IBM Thinks it Can Make Your Food Safer: Will it Work?

BM plans to sequence the microbiomes of food ingredients to prevent outbreaks earlier

Our food system is by no means bulletproof when it comes to pathogens. In just the past year, the United States saw major outbreaks of listeria in caramel apples and salmonella in nut butters, and the Centers for Disease Control and Prevention (CDC) estimates that 48 million Americans suffer from some kind of food-borne diseases annually. Meanwhile, food-borne illness results in $9 billion in medical costs and another $75 billion in contaminated food that’s recalled and tossed out every year. Regulatory agencies have acknowledged that more needs to be done.

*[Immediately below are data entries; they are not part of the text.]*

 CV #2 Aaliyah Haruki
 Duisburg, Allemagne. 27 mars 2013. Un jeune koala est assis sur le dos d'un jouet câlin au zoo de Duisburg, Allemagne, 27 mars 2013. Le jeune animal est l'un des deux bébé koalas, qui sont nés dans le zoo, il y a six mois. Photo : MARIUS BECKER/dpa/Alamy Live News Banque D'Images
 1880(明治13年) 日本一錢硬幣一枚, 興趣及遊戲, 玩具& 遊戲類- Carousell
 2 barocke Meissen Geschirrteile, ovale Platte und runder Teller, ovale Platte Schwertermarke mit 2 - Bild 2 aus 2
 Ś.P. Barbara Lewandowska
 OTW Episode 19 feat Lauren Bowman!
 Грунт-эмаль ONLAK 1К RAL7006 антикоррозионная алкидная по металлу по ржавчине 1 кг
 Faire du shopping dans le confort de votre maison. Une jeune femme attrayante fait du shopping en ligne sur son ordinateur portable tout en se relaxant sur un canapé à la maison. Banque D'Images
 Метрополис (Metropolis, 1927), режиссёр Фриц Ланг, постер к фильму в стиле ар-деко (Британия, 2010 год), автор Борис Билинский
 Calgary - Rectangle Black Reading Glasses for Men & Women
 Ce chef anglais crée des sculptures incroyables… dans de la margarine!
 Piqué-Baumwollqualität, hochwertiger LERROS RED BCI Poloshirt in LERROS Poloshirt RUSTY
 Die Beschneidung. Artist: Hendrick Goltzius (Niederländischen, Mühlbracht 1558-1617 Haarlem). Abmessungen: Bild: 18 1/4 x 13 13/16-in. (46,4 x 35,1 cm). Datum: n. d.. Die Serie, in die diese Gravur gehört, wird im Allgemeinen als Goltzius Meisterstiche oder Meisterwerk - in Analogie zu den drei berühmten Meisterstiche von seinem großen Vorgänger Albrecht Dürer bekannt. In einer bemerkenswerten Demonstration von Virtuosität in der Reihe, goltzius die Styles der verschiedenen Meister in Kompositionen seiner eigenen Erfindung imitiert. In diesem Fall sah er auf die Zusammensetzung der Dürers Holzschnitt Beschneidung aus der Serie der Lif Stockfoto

One strategy comes from IBM, which announced on Thursday that it’s partnering with Mars on a project called the Sequencing the Food Supply Chain Consortium. Their goal, which will likely take at least three years to accomplish, is to sequence the makeup of various foods and then enter that information into a database. The thinking is that if they can establish, at the molecular level, what a given ingredient is supposed to look like, systems can be put into place to catch brewing problems before contaminated foods make it to your table.

“The hypothesis is that [this process] offers you a microscope into what’s happening in that [food] environment,” says Jeff Welser, vice president of IBM Research. “Any deviation from that might indicate there’s a problem.” IBM says it will take into account variations that could occur in ingredients based on where in the world the product is coming from, and what time of year it is.

“A key challenge for food safety experts today is that typically when they test food they only really have a chance of finding what they set out to look for,” says David Crean, global head of technical food safety development at Mars. “If they are testing for Salmonella, they won’t find Listeria.”